Edwards was to sentenced to life with a minimum of 12 years but refused to attend the sentencing hearing today at Cardiff Crown Court (pictured)

Detective Superintendent Tracey Rankine, head of the Police Online Investigation Team, said following today’s sentencing: ‘Our priority has been to identify the victims from Snapchat usernames and work with police forces across the UK to ensure they are safeguarded and supported. The scale and seriousness of the offences identified by our investigation is extreme.

‘His abhorrent behaviour involved threatening and blackmailing the young victims who lived in fear. Our investigation has involved forensically examining encrypted computer equipment and mobile devices which led to the recovery of shocking material. The strength of this evidence has resulted in Edwards admitting all charges.’

Assistant Chief Constable Danny Richards added: ‘The crimes committed by Lewis Edwards are despicable and the public will be as shocked and sickened as we are that such appalling offences were committed by a serving police officer.

‘As soon as we knew the offender was a serving police officer, Edwards was suspended and sacked at a misconduct hearing which was held at the very earliest opportunity to remove him from policing.

‘His behaviour only serves to damage the public’s trust and confidence in policing and undermines the work of the responsible, hard-working police officers who serve the communities of South Wales with courage and pride.

‘There is no place in South Wales Police for anyone who abuses the personal responsibility they hold as a police officer.

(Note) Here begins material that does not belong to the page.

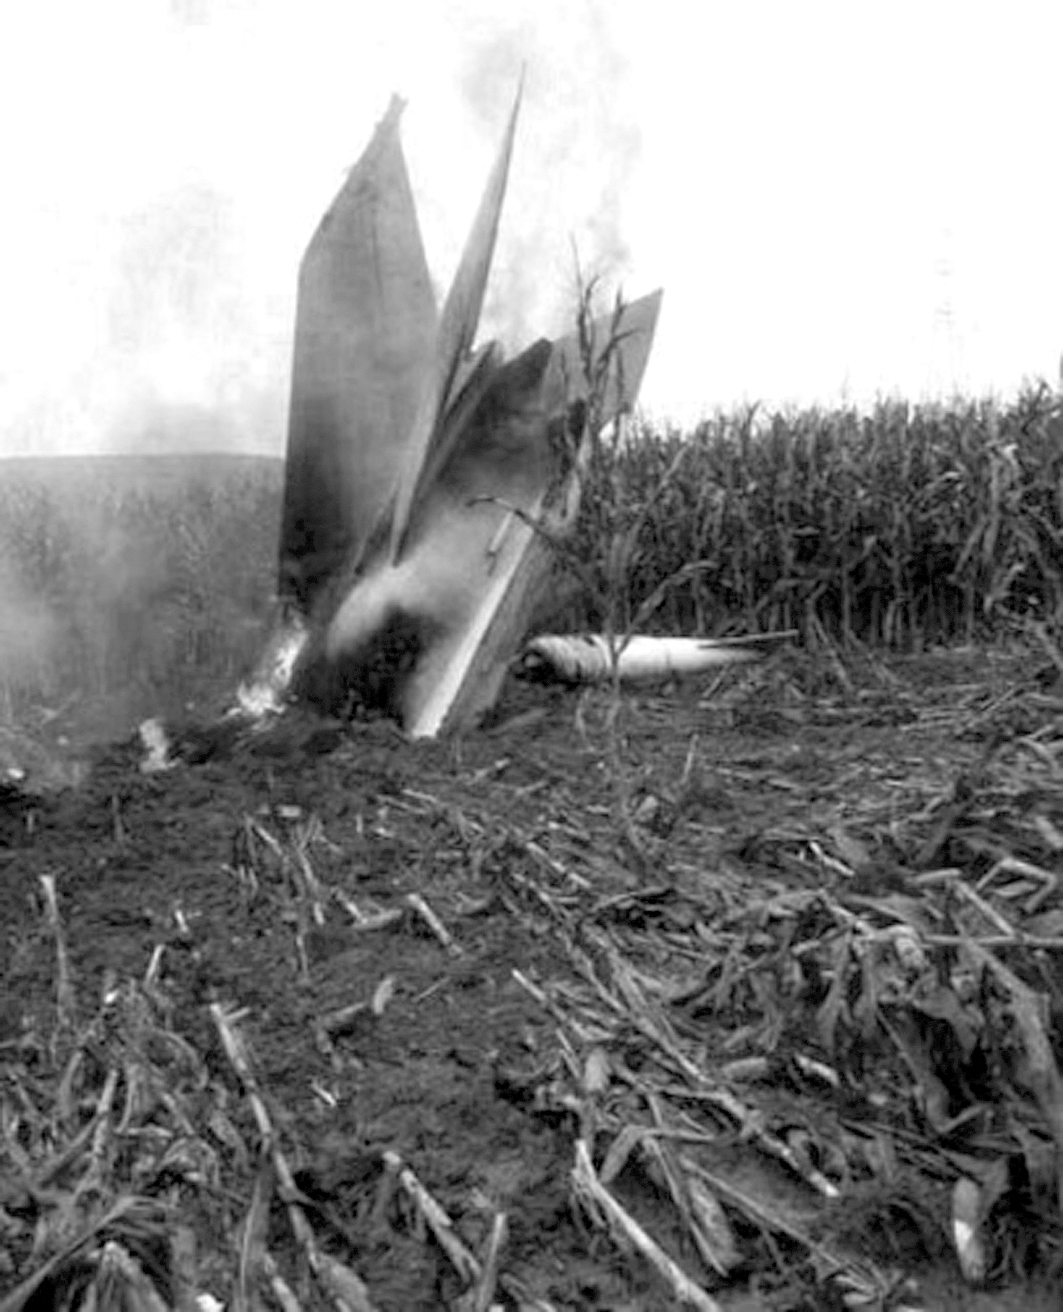 高清镜头拍摄坠毁的飞机残骸让人感到灾难的可怕

‘I understand there will be people asking how Edwards could have joined the police at the same time he was committing these terrible crimes.

‘At the time of him joining South Wales Police his vetting was clear and there was nothing to indicate that he was involved in such abhorrent offences against children.

‘Our number one priority is to protect the public so if anyone has any information about the safety of young or vulnerable people or those who pose a risk in our society then I urge them to come forward and report it to us.

‘I am grateful for the work of our investigation team who have brought Edwards to justice and ensured his victims have been protected from further harm.’

Lucy Dowdall, Specialist Prosecutor for the CPS said: ‘The extent of Edwards offending is incomprehensible, my thoughts remain with the victims who have suffered his abuse.

‘Lewis Edwards abused the trust placed in him as a serving police officer, targeting children online in an avalanche of sustained sexual abuse, grooming them and forcing them to satisfy his own sexual needs.

‘Edwards tactics of threatening and blackmailing his victims shows the extent of his depraved actions and lack of remorse towards those he targeted.

‘He believed he was above the law, and his role as a police officer would protect him from investigation and prosecution. He was wrong – together the CPS and South Wales Police worked tirelessly to build a strong case against him and see him plead guilty.

‘There is nowhere for sexual predators to operate or hide. Our Organised Child Sexual Abuse Unit is a specialist unit dedicated to prosecuting child sexual abuse, and we will continue to work closely with the police to bring offenders to justice.’